Hong Kong actor and singer

Gallen Lo Ka-leung (羅嘉良) is a Hong Kong actor and singer who primarily acts in television series. He is sometimes credited as King Gallen or Law Ka-leung.

==Career==
Lo started his television career in 1984 at ATV. He received short-term success in acting ATV and singing theme songs for some ATV series. Lo left ATV for rival TVB, but his career did not bloom until 1996, when he was cast in the series Old Time Buddy in 1997 and Secret of the Heart in 1998. Lo won TVB's Best Actor Award three times (1997, 1998, 2002).

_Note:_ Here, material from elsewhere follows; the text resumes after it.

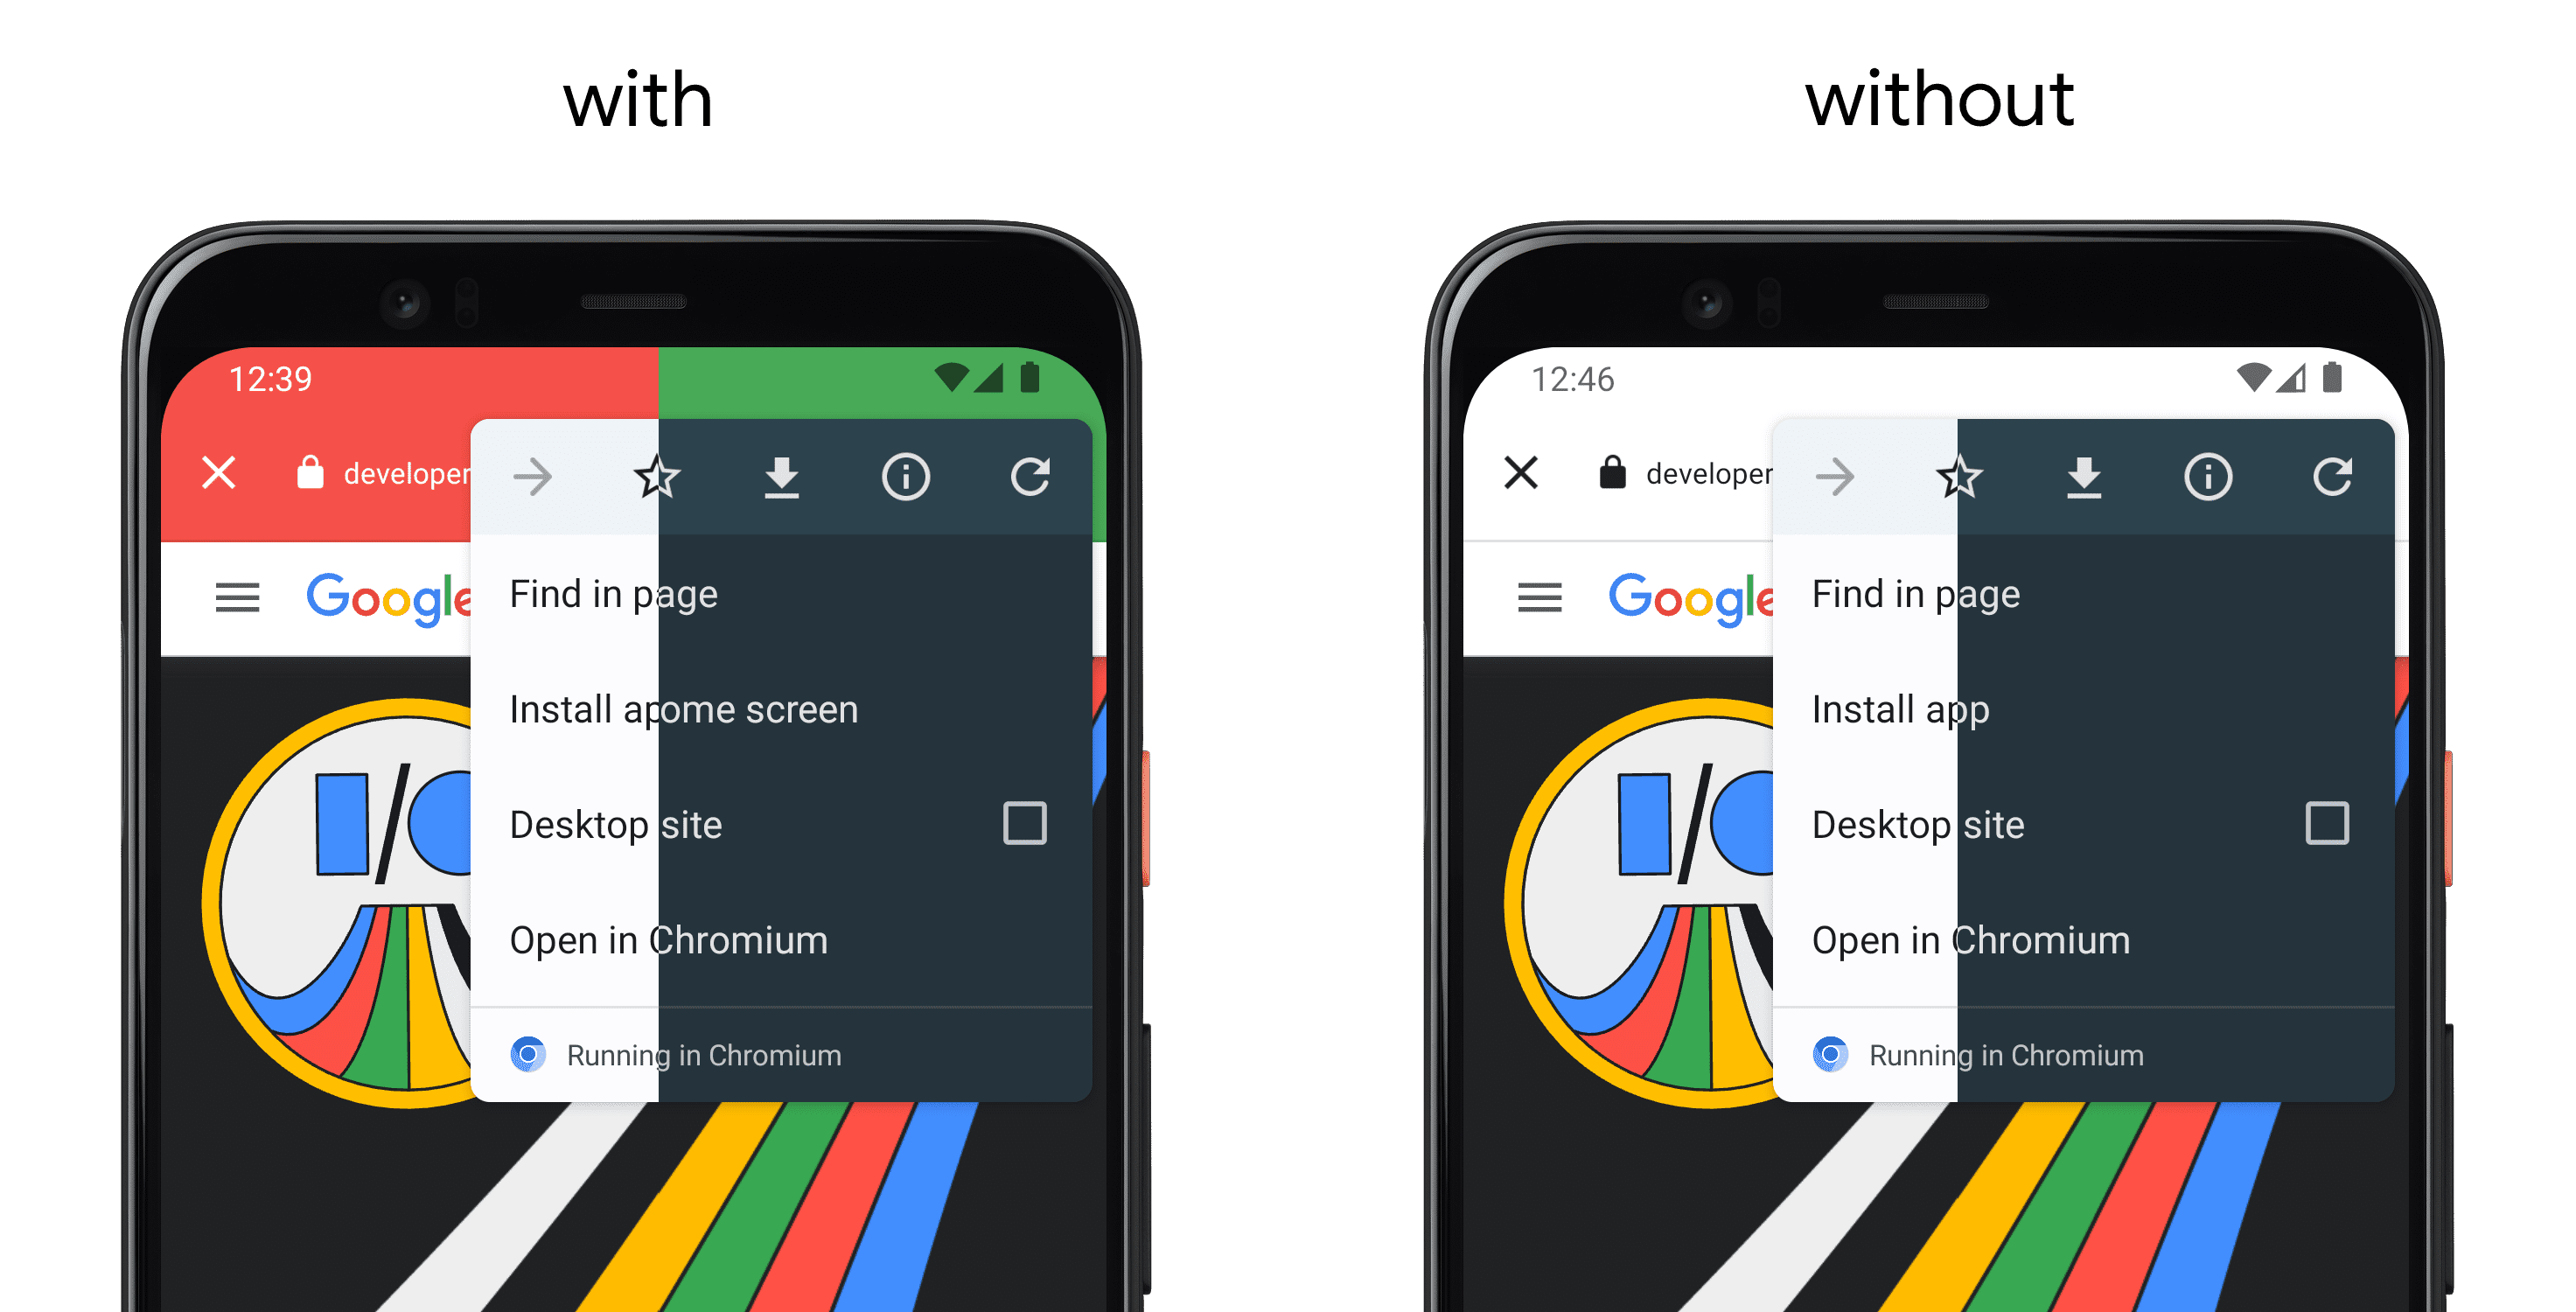 왼쪽은 setDefaultColorSchemeParams()를 사용하는 앱을 보여주는 휴대전화, 오른쪽은 API가 없는 별도의 휴대전화
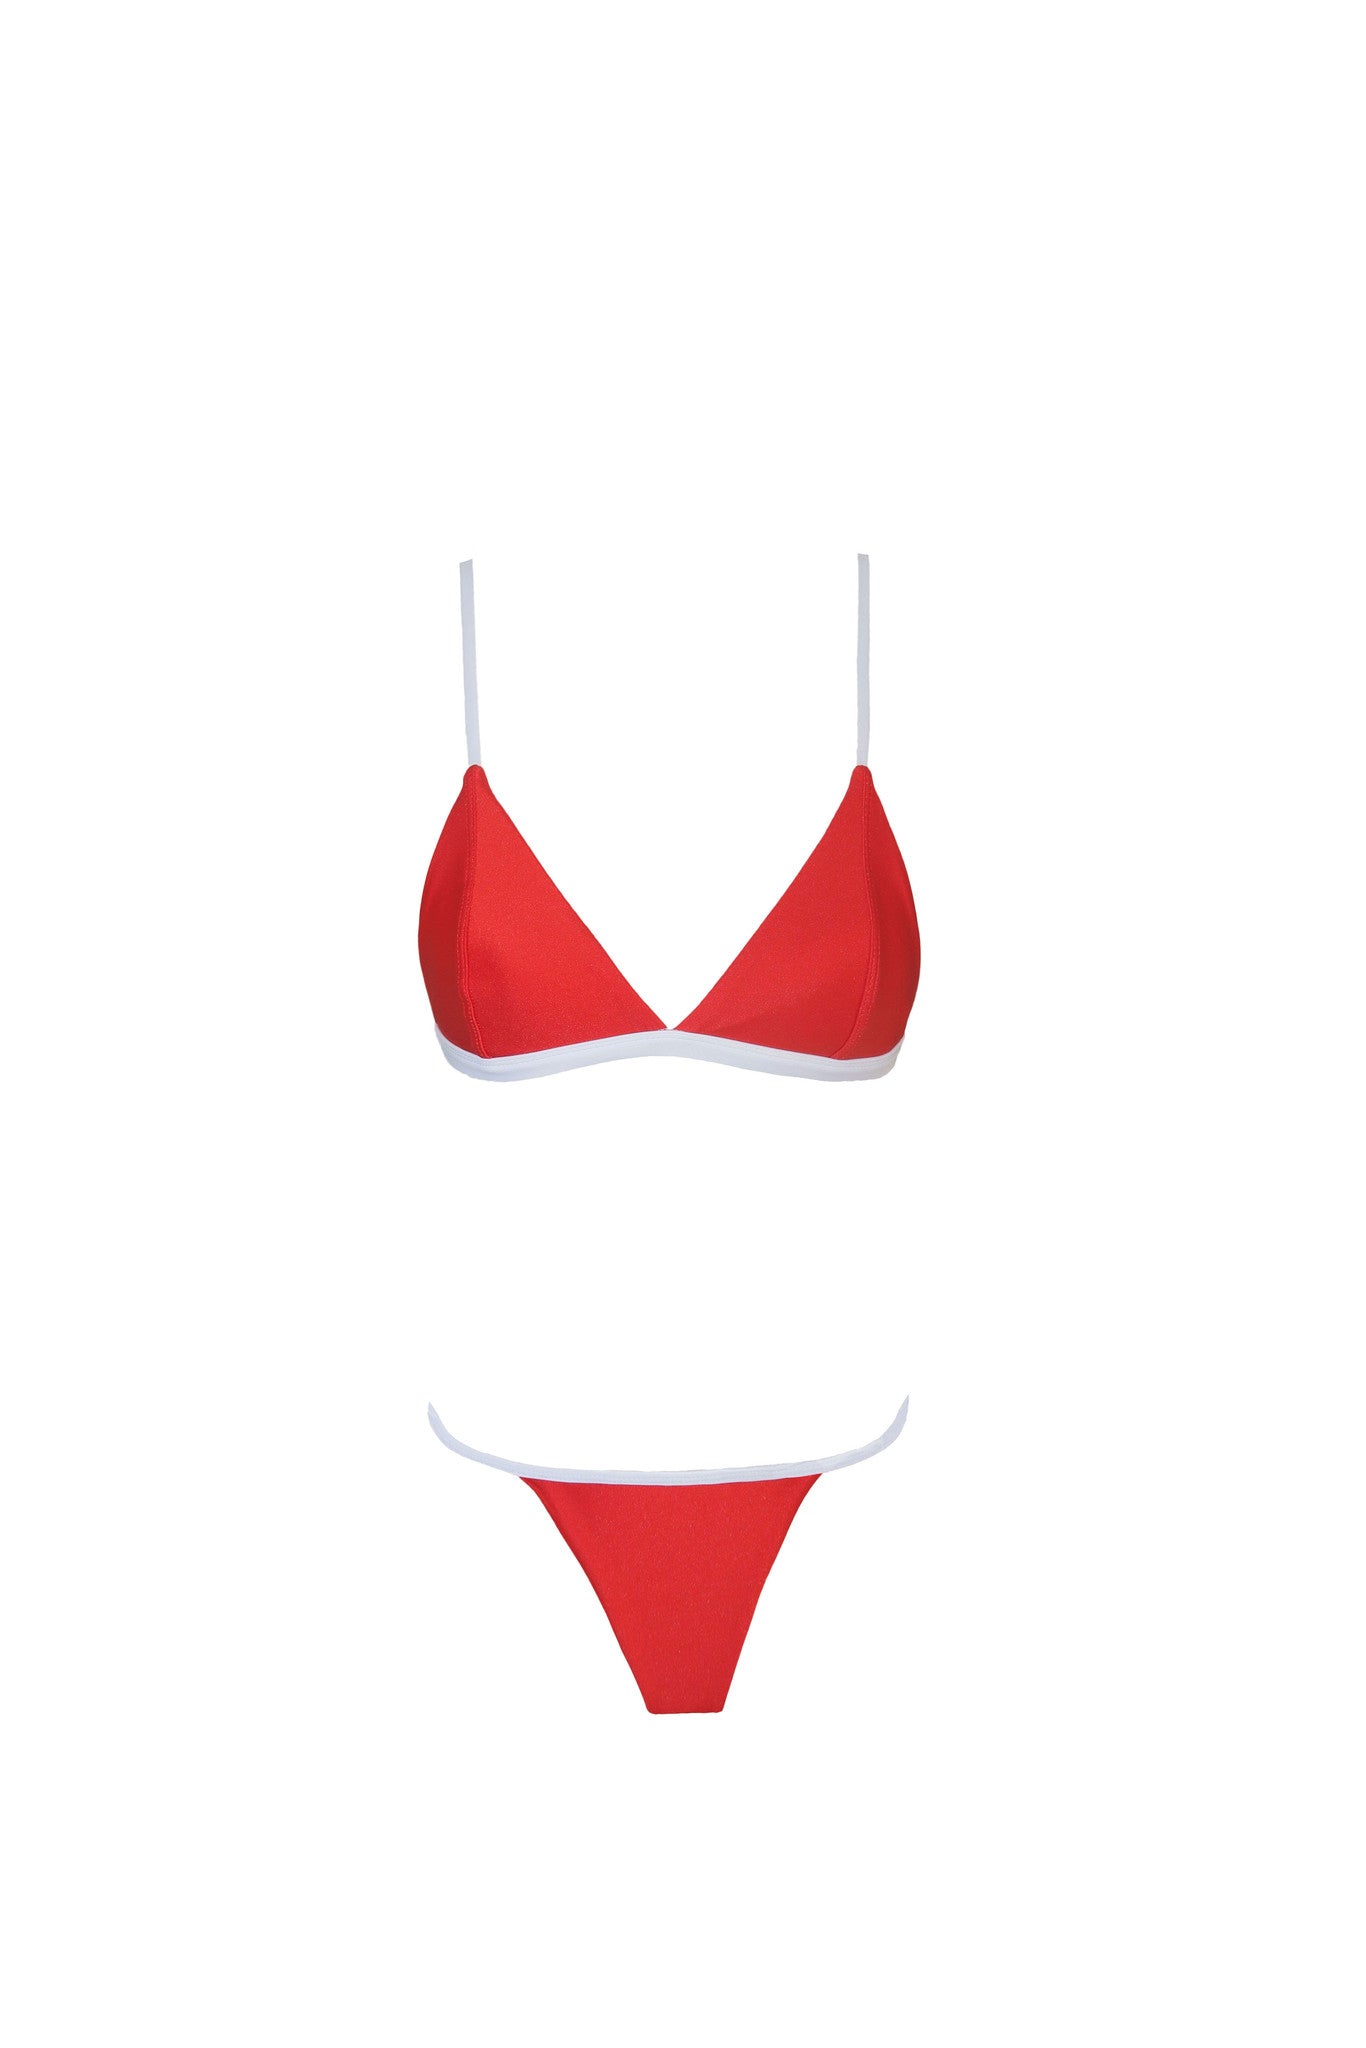 frankie swimwear frankii swim darling bralette red and white two tone bikini frankieswimwear frankieswim

In 2003, Lo left TVB and started to focusing on acting and making commercials in Mainland China.

On 24 February 2021, Lo has finished another drama shooting in Mainland China and shared on his Weibo commemorating the completion of his 100th TV series in his career.

==Personal life==
Lo married Clare Fong Man-yee, a woman with whom he worked in a non-acting role at TVB, in 1998. Their son was born in 1999. The couple divorced in 2008.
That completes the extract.